A follow-up email also attributed to Sabet noted that “it often takes a long time for federal legislation to be fully enacted. It has only been six months. It isn’t serious to suggest that the bill hasn’t achieved its intent at this time.”
‘No one realizes how bad’ the research law is
Shane Pennington, a cannabis policy attorney, is among the research law’s staunchest critics.
“No one realizes how bad that research bill is,” he told MJBizDaily. “I didn’t realize it, until I went and looked at it again.”
In a Substack post last July, Pennington highlighted the new authorities granted to the DEA regarding cannabis research, arguing they are counterproductive.
Those include the ability to unilaterally determine whether an application to study the drug is incomplete and then, without consequence, to ignore the application.
More recently, Pennington pointed out how the research reform bill altered the Controlled Substances Act to create cannabis-specific research requirements, independent of the drug’s status under the act.
This means that, even if Congress or the Biden administration were to elect to reschedule marijuana, the same barriers to research could well remain.
All of this, coupled with the authority over research delegated to law enforcement rather than health or science officials, led Pennington to call the law a brilliant coup: Legislation to stymie cannabis research was passed off as a major breakthrough.
“Marijuana is on lockdown unless you can get the attorney general to say, ‘Well, how about some cannabis science?’” Pennington told MJBizDaily.
“You are giving authority over cannabis science to the biggest enemies of cannabis science who have ever existed on planet earth.”
Even more circumspect observers have noted the bill doesn’t help researchers wanting to study commercially sold marijuana, which tends to have higher THC levels than federally approved research cannabis.
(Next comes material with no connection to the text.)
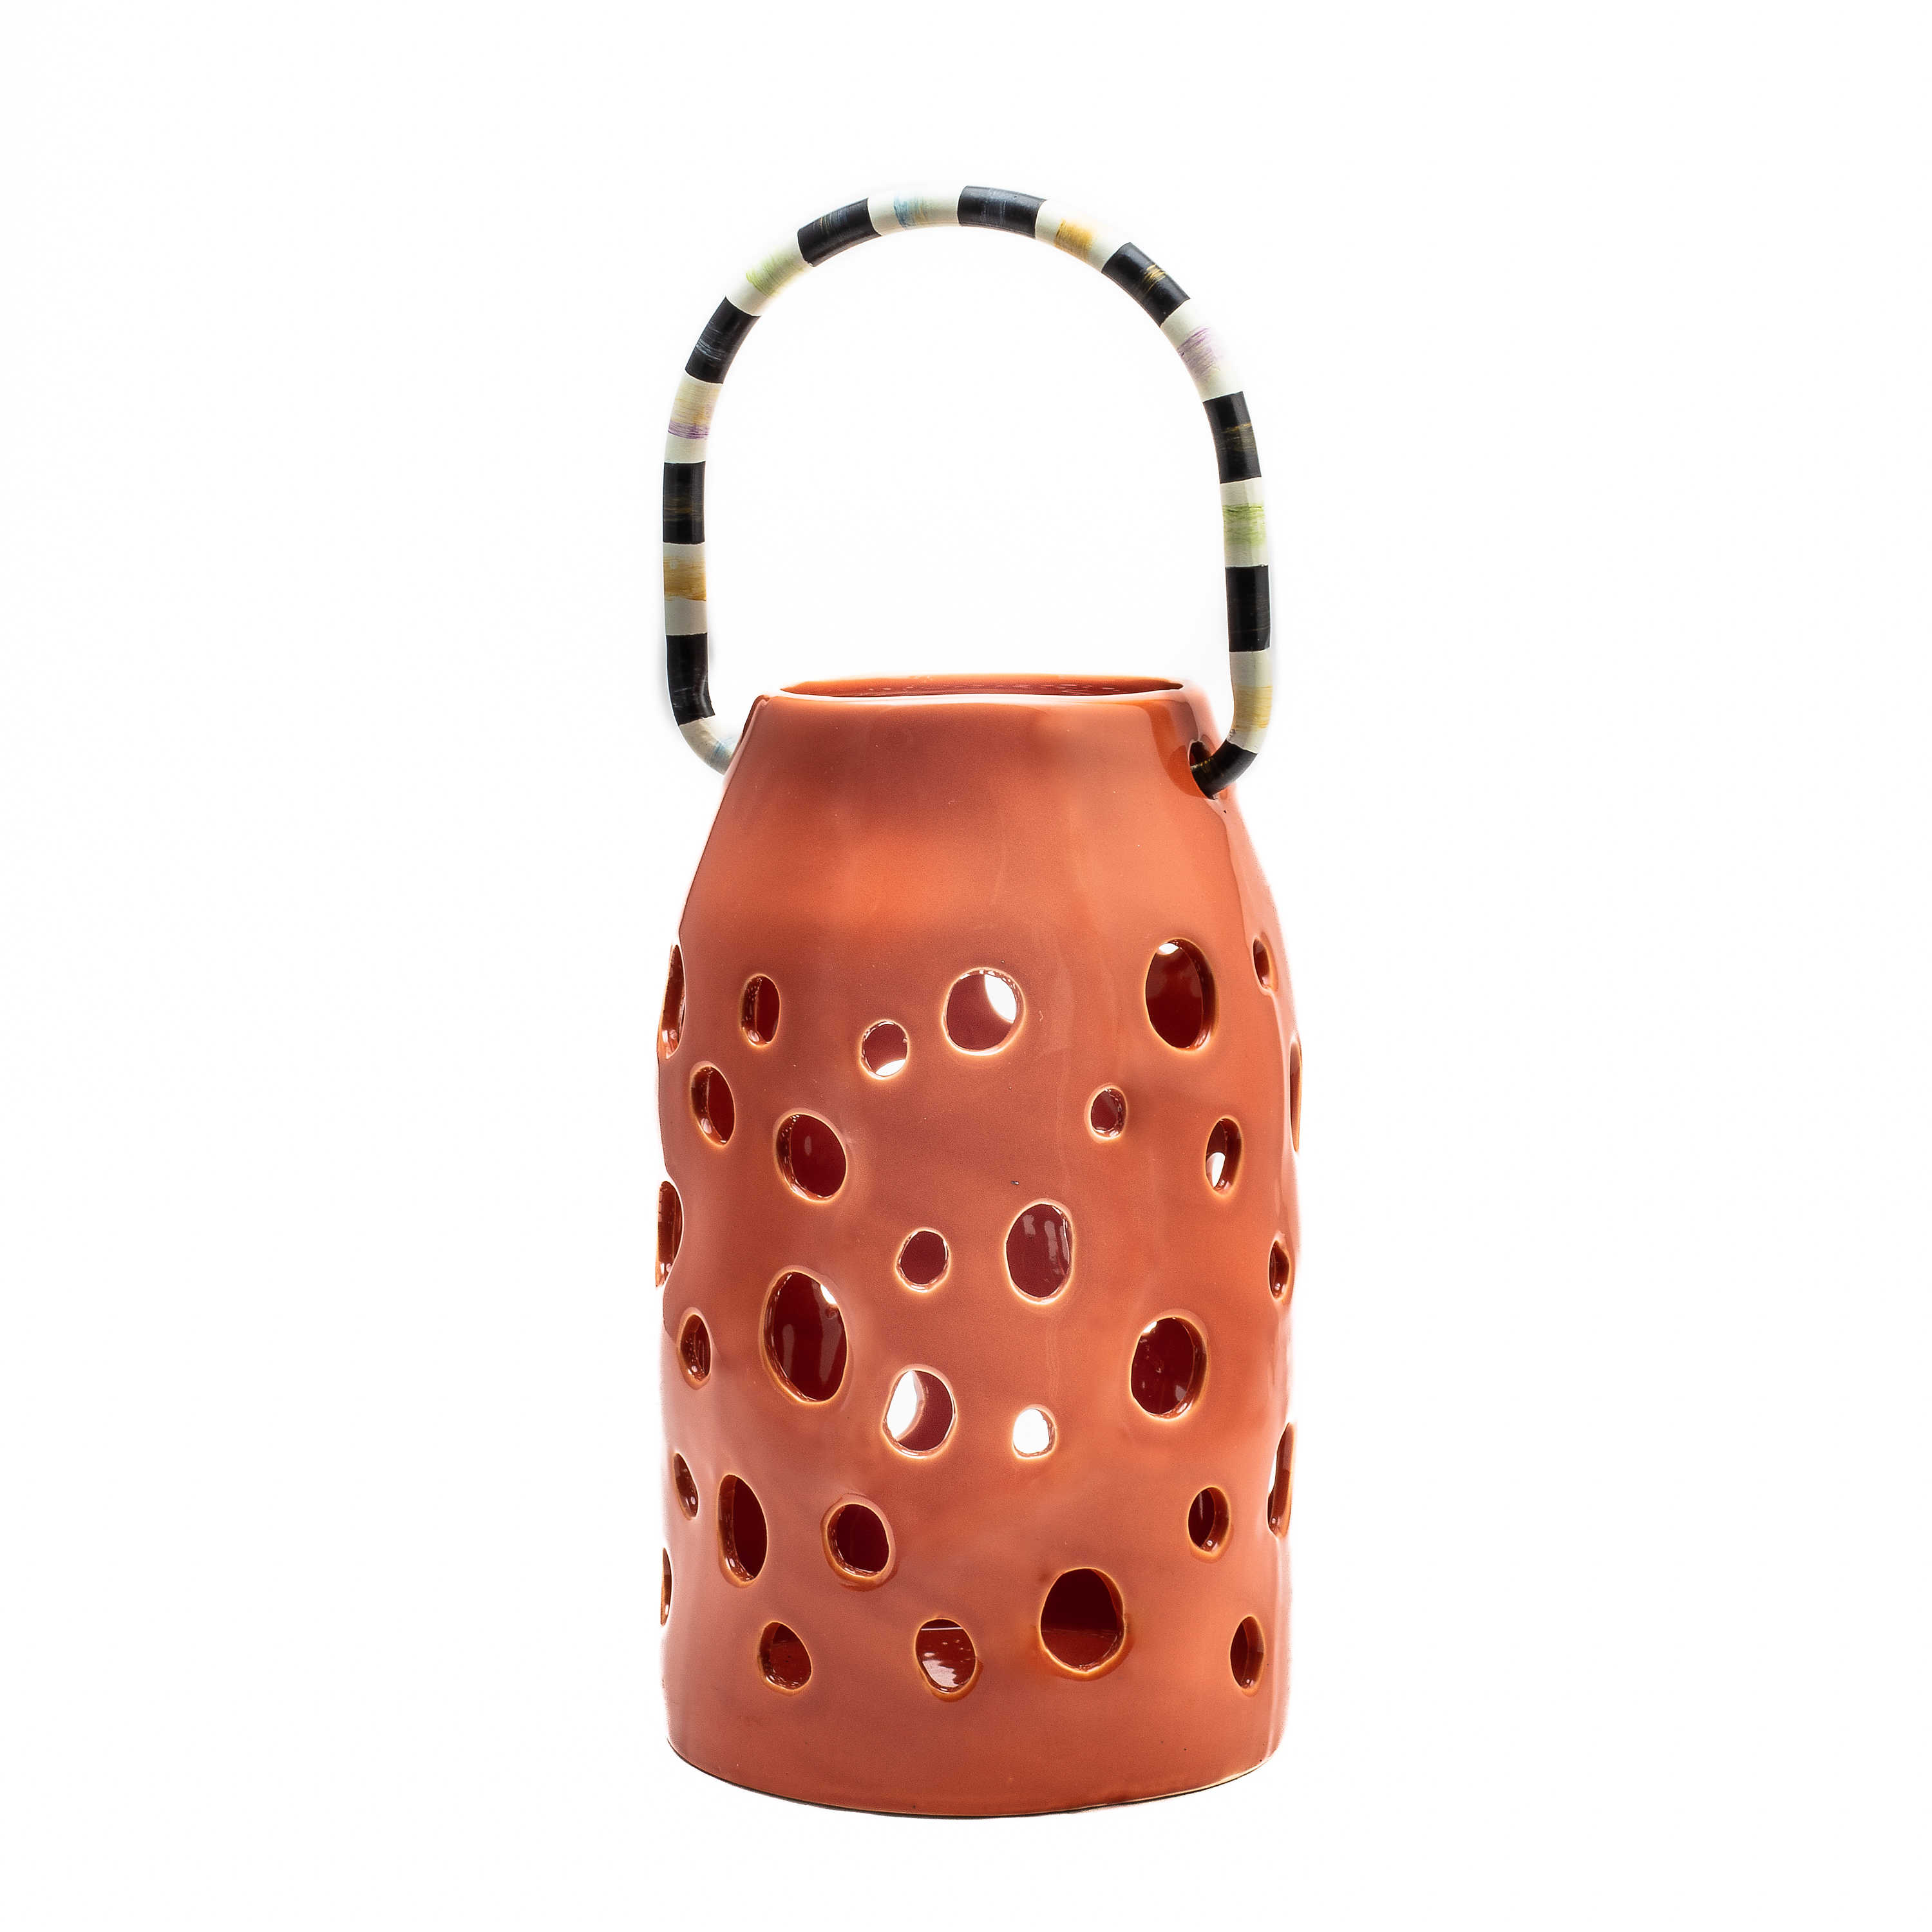 Avant Garden Ceramic Lantern - Tall mackenzie-childs Panama 0

University of California, San Diego, researcher Ziva Cooper argued in an interview with Psychiatric News that the new law mainly benefits researchers who already enjoy the logistical and administrative support of institutions with established cannabis programs.
In other words, pressing questions about marijuana and health could remain unanswered, such as how dispensary-grade cannabis or delta-8 THC might interact with a teen’s anxiety or ADHD drugs or even a senior’s diabetes or heart medication.
According to Sisley and Pennington, the much-vaunted research reform act won’t help fill in those blanks.
“This whole thing is a public health travesty,” Pennington said.